Saat itu, kontroversi Perang Dunia III, dengan techno-sapiens sebagai bidak pion, selangkah menuju nyata. Bumi terancam, tiga profesor peraih nobel dikambinghitamkan oleh pihak-pihak radikal dengan dalih kesejahteraan umat manusia. Tiga negara pengembang utama, Amerika, Rusia, dan Jepang mulai saling curiga. Bahkan Rusia dan Amerika telah menghimpun negara-negara sekutu seolah bendera perang siap berkibar.

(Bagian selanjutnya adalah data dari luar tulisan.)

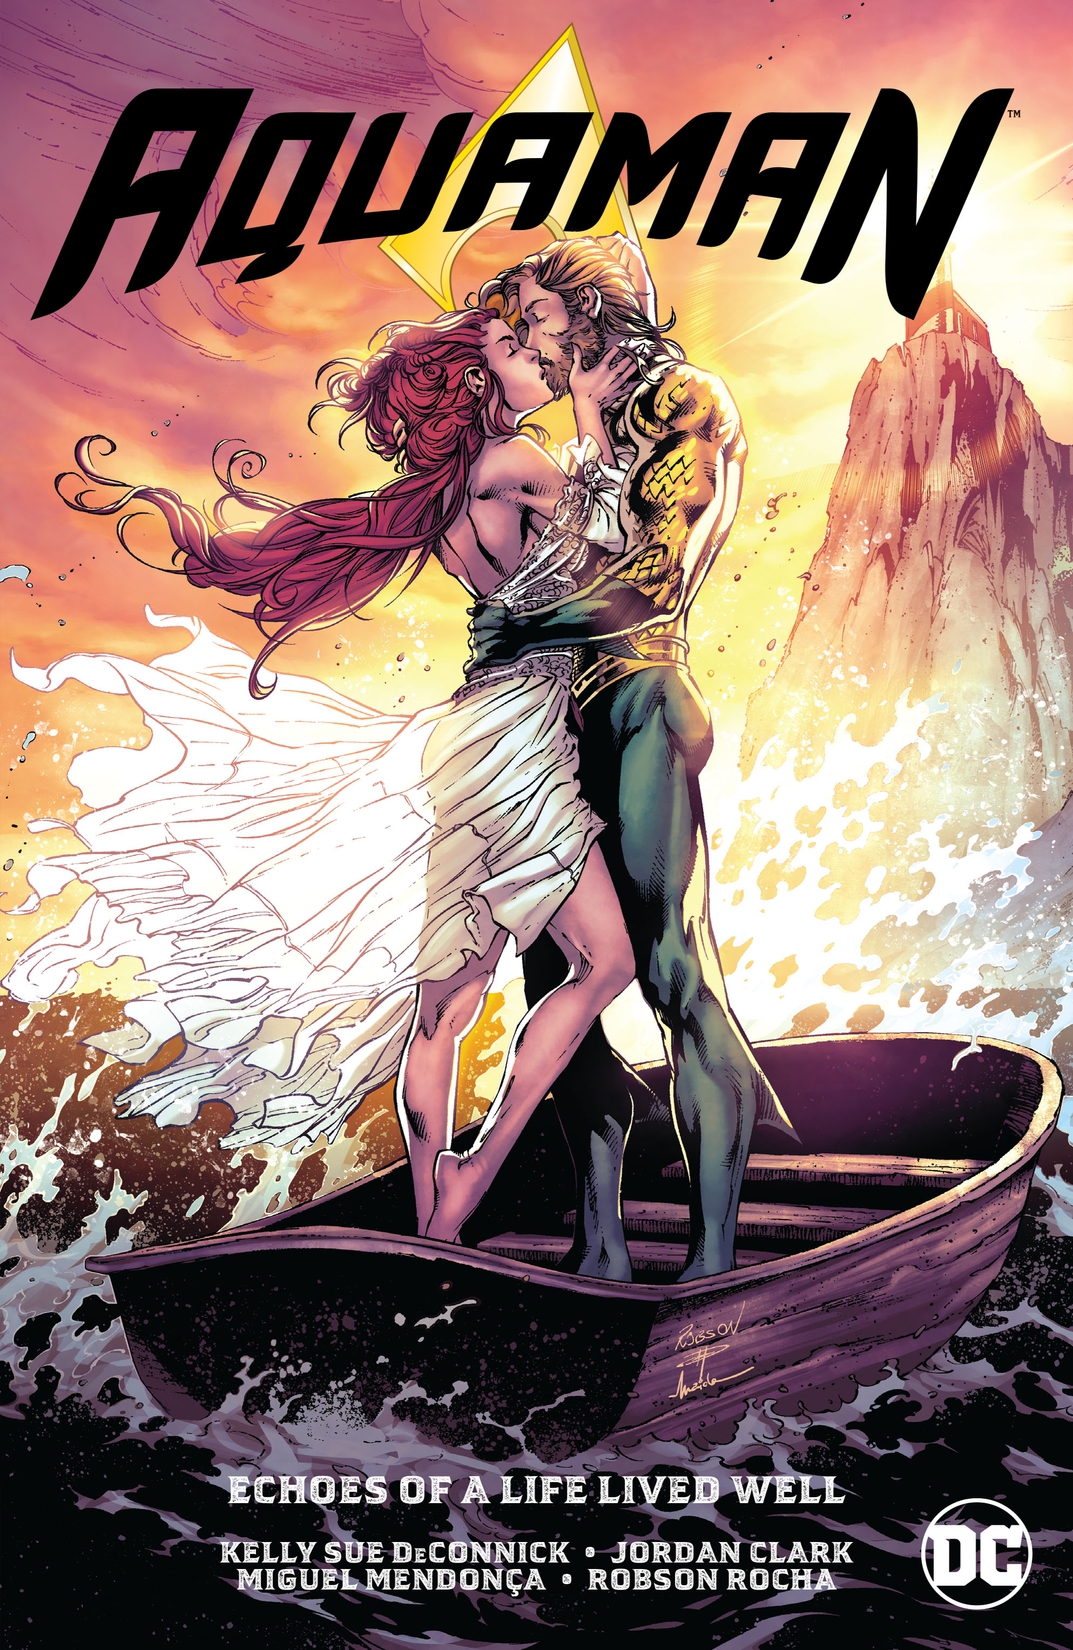 Aquaman Vol. 4: Echoes of a Life Lived Well preview images

Namun di tengah kegentingan itu, Matsuyama Morinozuka bersama sang ayah, hampir menyelesaikan proyek terbaru mereka. Sebuah soulbox berkapasitas lebih besar berteknologi piko-emodigital yang dapat mendeteksi gelombang elektromagnet manusia lain dan mengonversinya menjadi emorefrence, data dengan probabilitas bernilai 1001.

“Dengan kata lain, ayah dan kakekku telah berhasil menciptakan sebuah humanoid dengan perasaan. Mereka meng-upgrade prosesor HOMINCULUS 8.9 menjadi sebuah SOULCHIP 1.9, sebuah sejarah baru yang memecah kegentingan dan memberi harapan baru pada dunia,” Hiroki bercerita pada Nakajima di lain kesempatan.

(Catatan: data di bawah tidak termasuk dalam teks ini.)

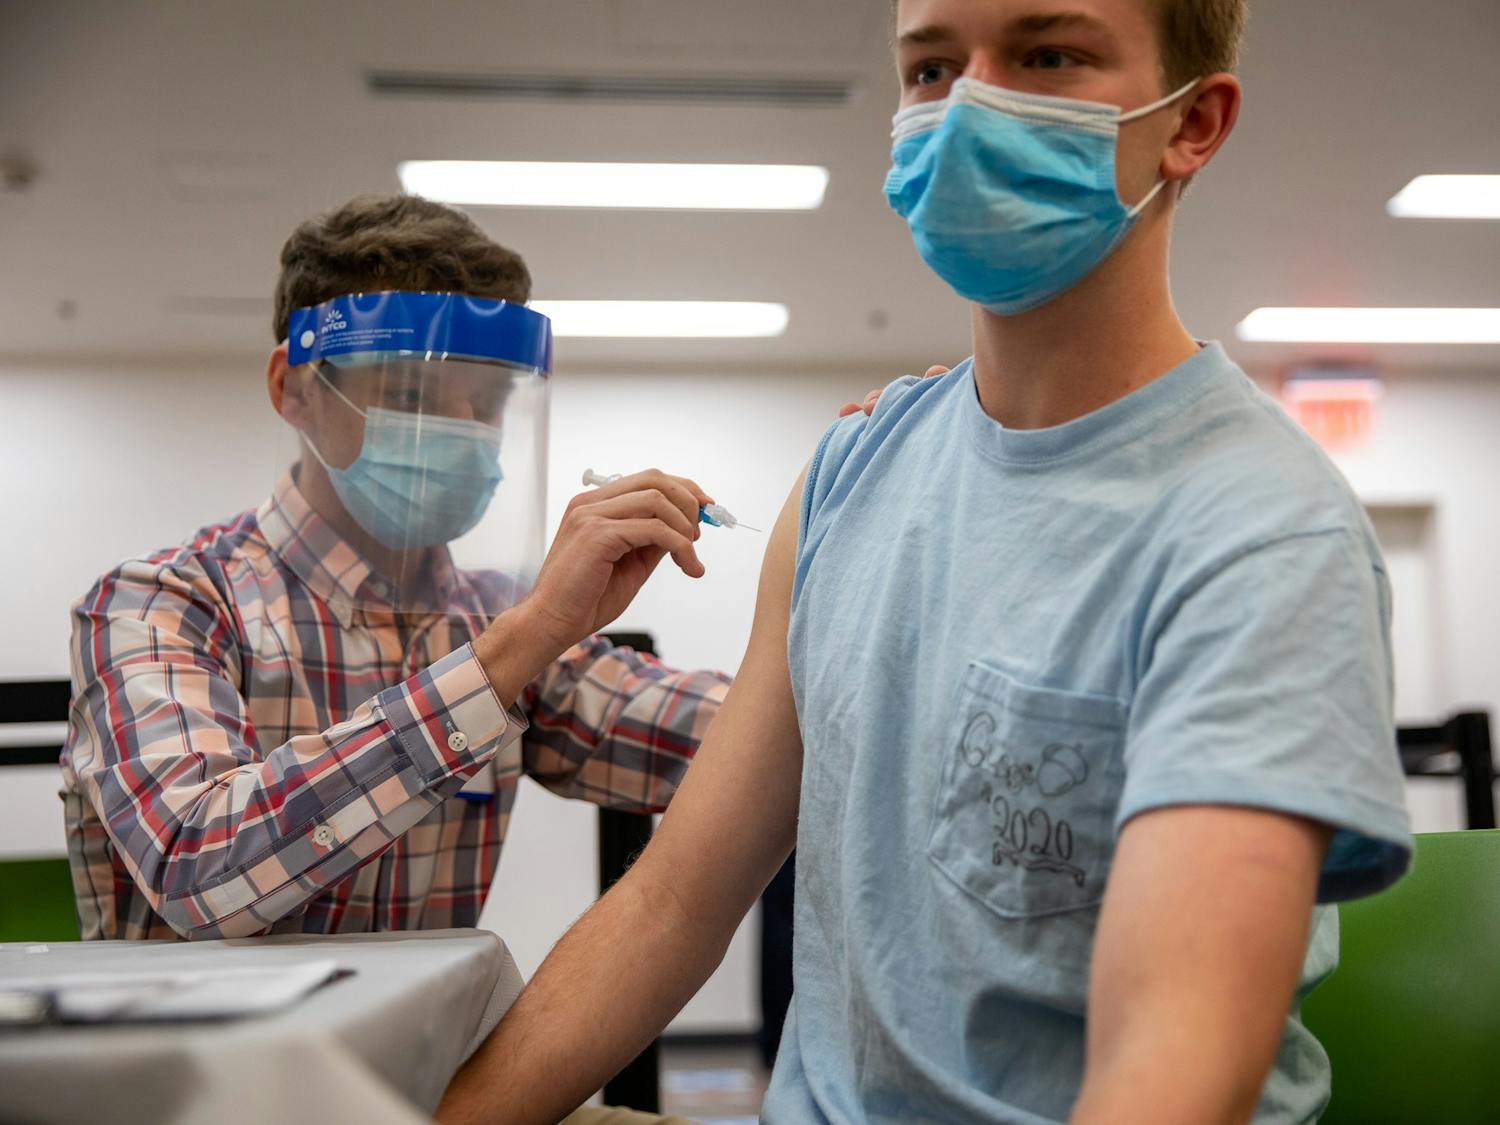 UNC's first on-campus vaccine clinic opens Wednesday

“Ya. Kau adalah cucu Matsuyama.Kau pun memiliki kejeniusan yang sama dan, lihatlah, kau berhasil meng-upgrade SOULCHIP 1.9 yang hanya berkemampuan untuk mengerti, mengasihani, dan percaya menjadi SOULCHIP 2.2...”

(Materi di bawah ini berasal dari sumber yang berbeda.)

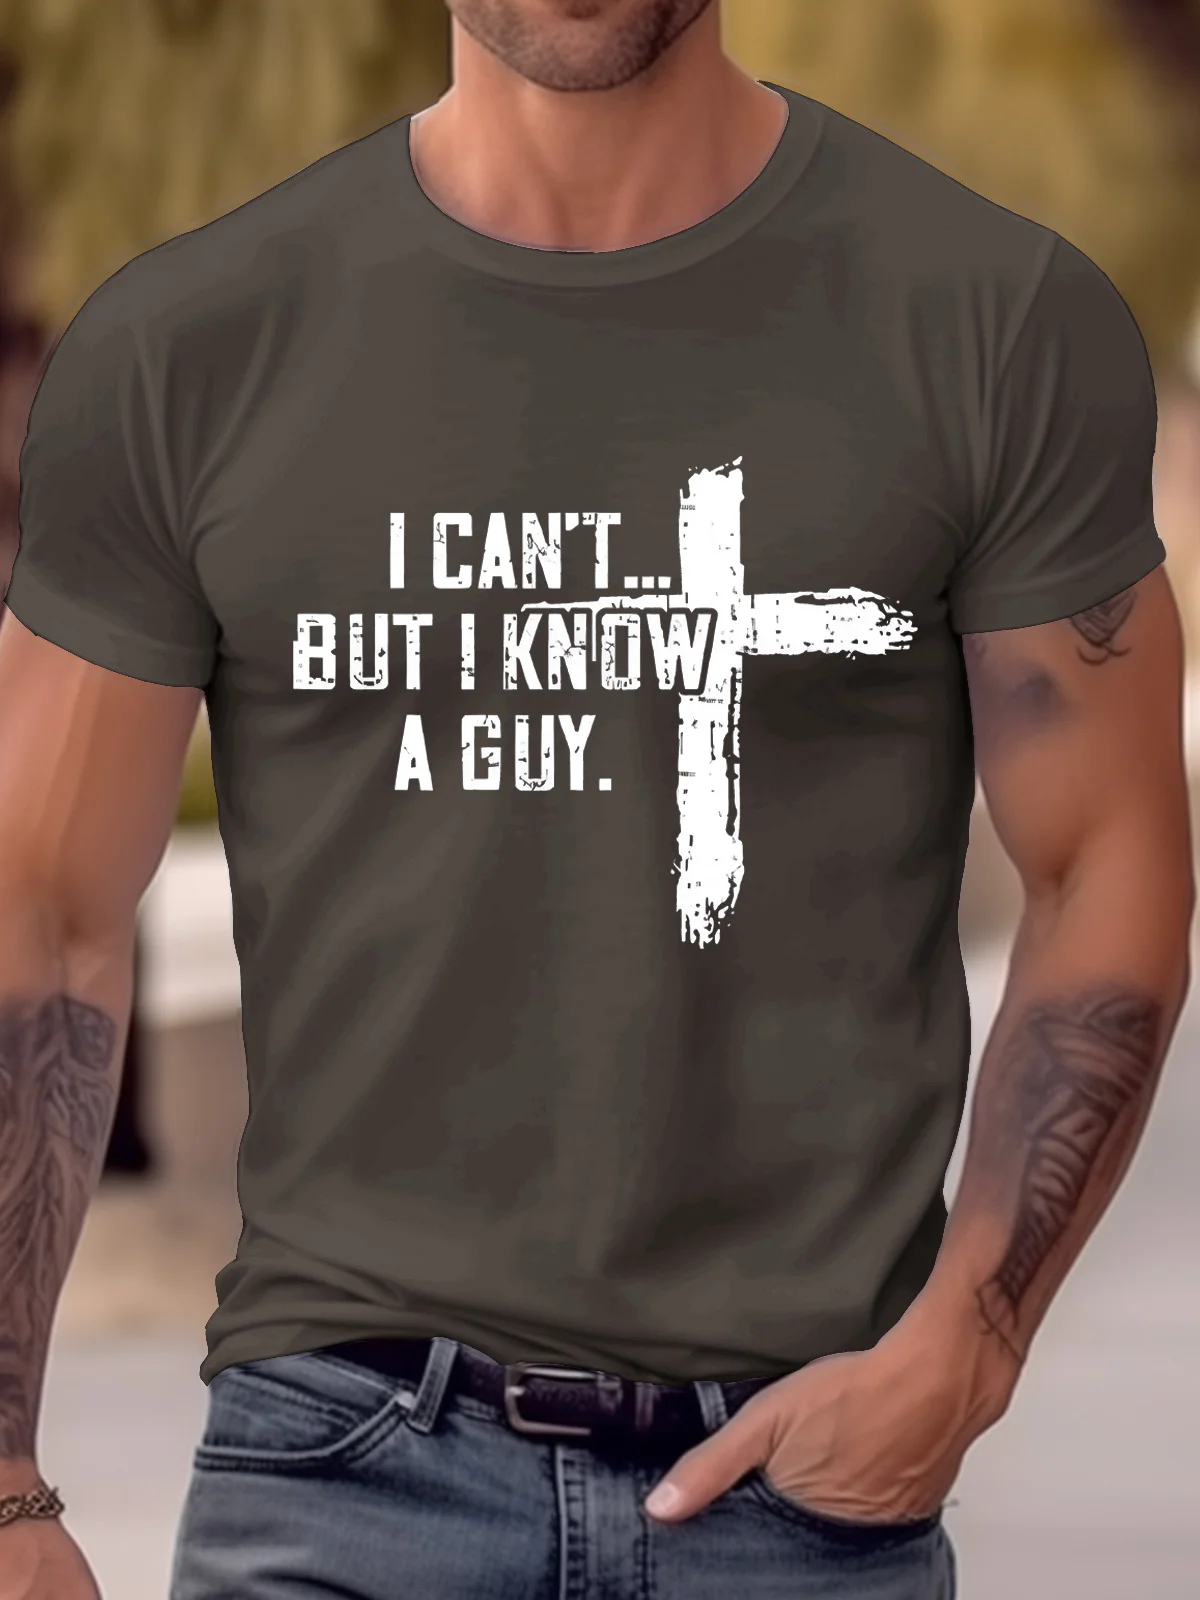 Royaura® I Can't But I Know A Guy Men's Round Neck T-Shirt Faith Cross Stretch Top Big Tall

“Hm,” angguk Hiroki, kemudian tersenyum, “versi 1.9 pun cukup gemparkan dunia. Membawa sebuah pesan damai yang sepele, tapi penting...”

“Bahwa techno-sapiens saja bisa saling percaya, saling mengasihani satu sama lain, bisa saling mengerti... Kenapa manusia tidak bisa. Begitu kan?”

Hai! (Ya)” Hiroki mengangguk mengiyakan.

Bumi kembali tenteram. Tapi hati Hiroki tidak. Ia tak bisa terus bersandiwara.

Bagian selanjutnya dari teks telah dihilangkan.